My wife ordered some kid books that were a series of stories around a vague theme with the standard illustrations to go along. The thing was, none of the text read organically. It was the colorless green ideas sleep furiously of children’s entertainment. Each story read like a chess engine both sabotaging its own game play in between setting up plans to kick off in the next 20-30 moves. It was blundering genius in a way that eluded human rationale.

These books were generated by a computer. The more I looked into them, the more each story seemed to coincide with sweet spots in modern NLP AI systems’ ideal text lengths as well. I obviously can’t prove they weren’t human generated, but if they were, we’re dealing with someone with a thought process so alien but so familiar it hits the uncanny valley.

After I put the books down, I thought, if they can do it for penny priced kids books, why couldn’t I try to incorporate the same techniques to reduce the effort in writing? I would still need to go through and clean things up and stitch content together, but what if I could trade an hour of work for two hours of results or more? Maybe this was a delusion of grandeur, maybe it was buying into Bitcoin when it was worth pennies.

GPT-2 in Context

GPT-2 was released in November of 2019. It’s not really old, but GPT-3 has been out for a bit, and there are multiple other models. I settled on GPT-2 because it was well documented, could run on my system, and was easily available.
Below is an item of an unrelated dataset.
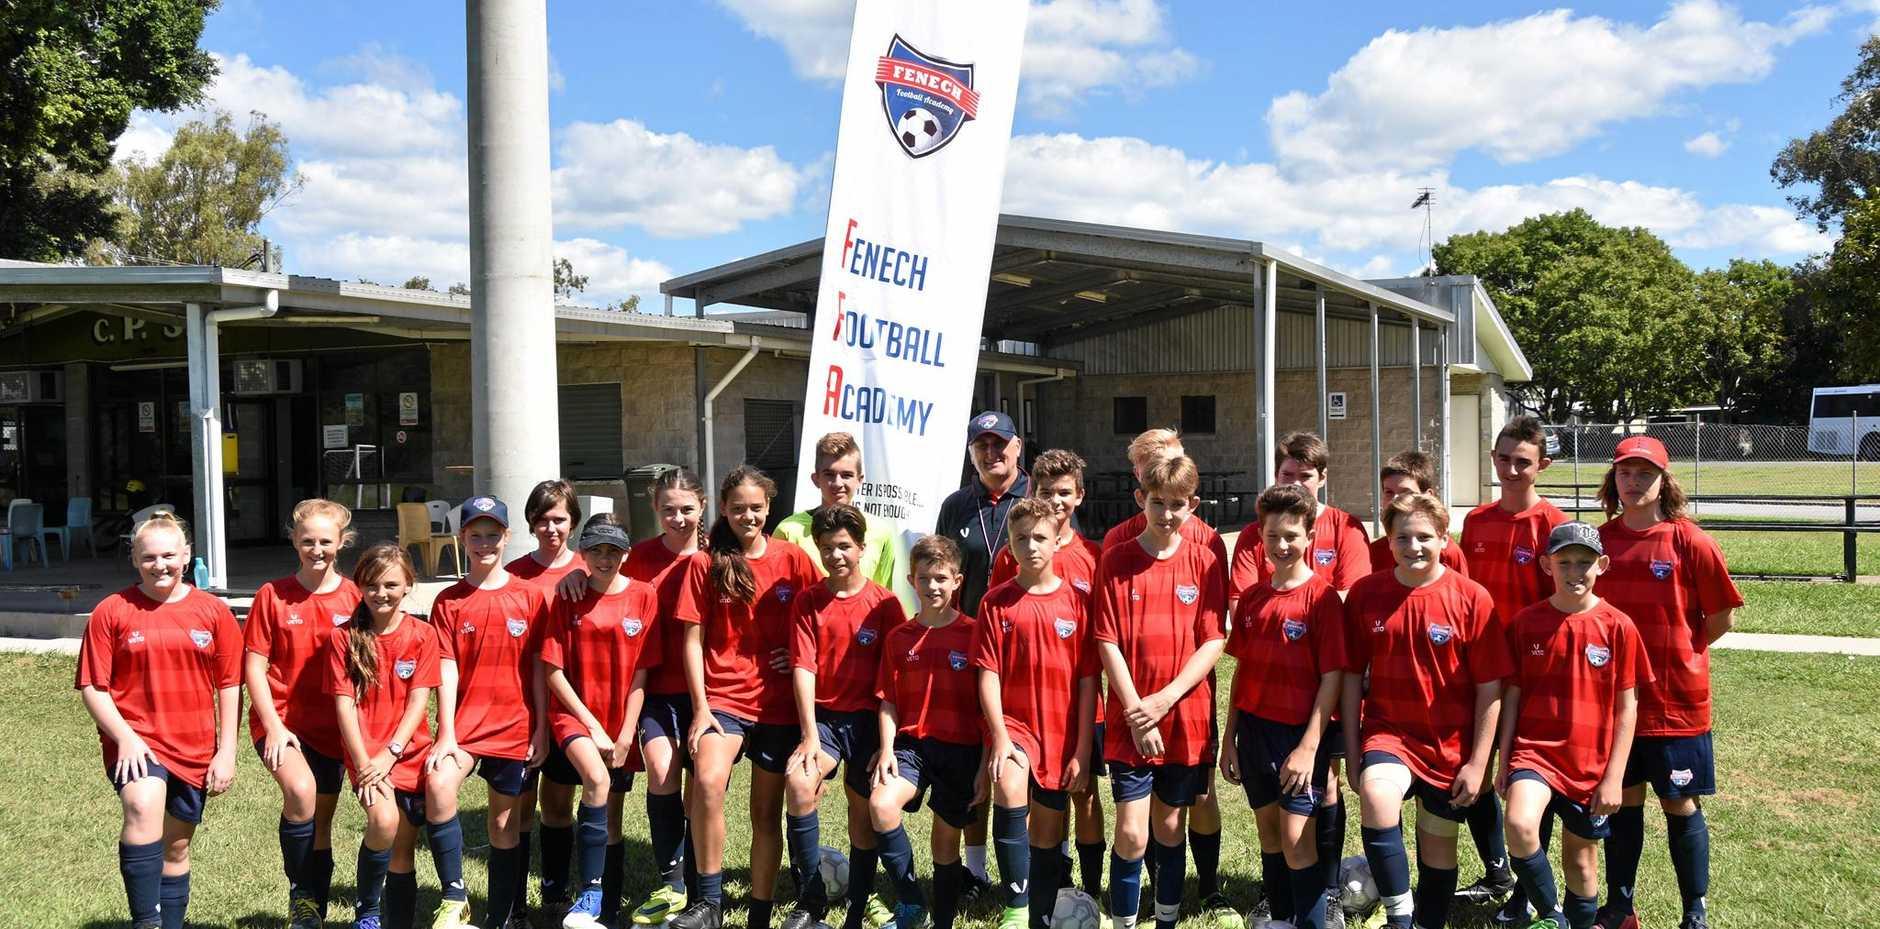 Day 2 of the Fenech Football Academy run by acclaimed soccer coach Joe Fenech.
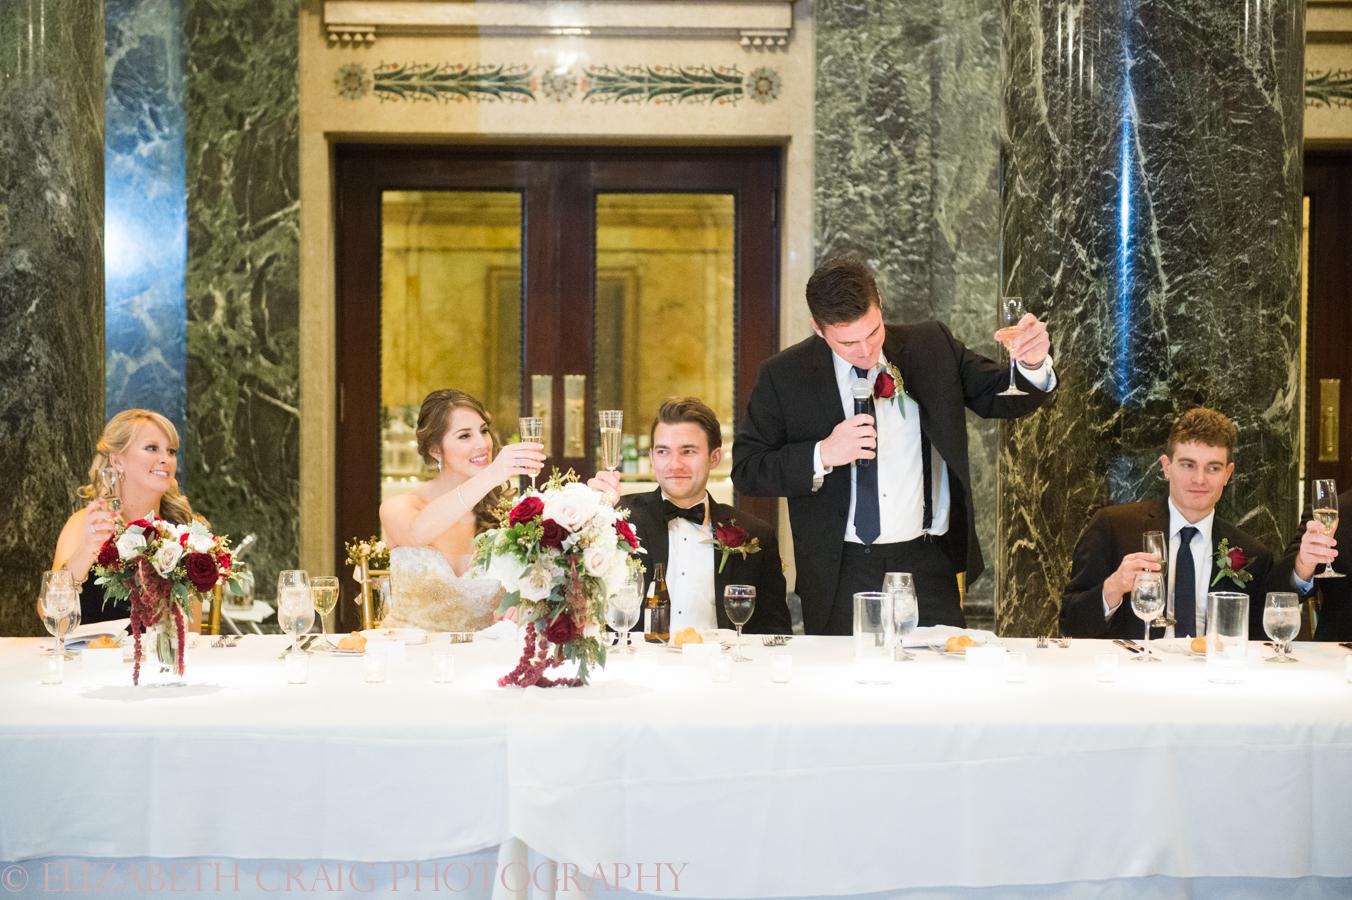 Carnegie Museum of Art Weddings | Elizabeth Craig Photography-0121

There are platforms and models like BERT and T5 from Google, and GPT for English (and maybe others), and ERNIE for Chinese language processing. There are a huge number of frameworks, models, and methodologies floating around which make each one have advantages and disadvantages. You can see here for more common models as well.

GPT isn’t even close to the only horse in the race, but it’s one of the most well known. This article would stretch pages and pages of academic text if I wrote about the ins and outs of each one (also, I would have to actually understand each model). The takeaway with my experiment is that GPT-2 isn’t the newest, but it is the easiest for an individual to get started with without needing to invest too much.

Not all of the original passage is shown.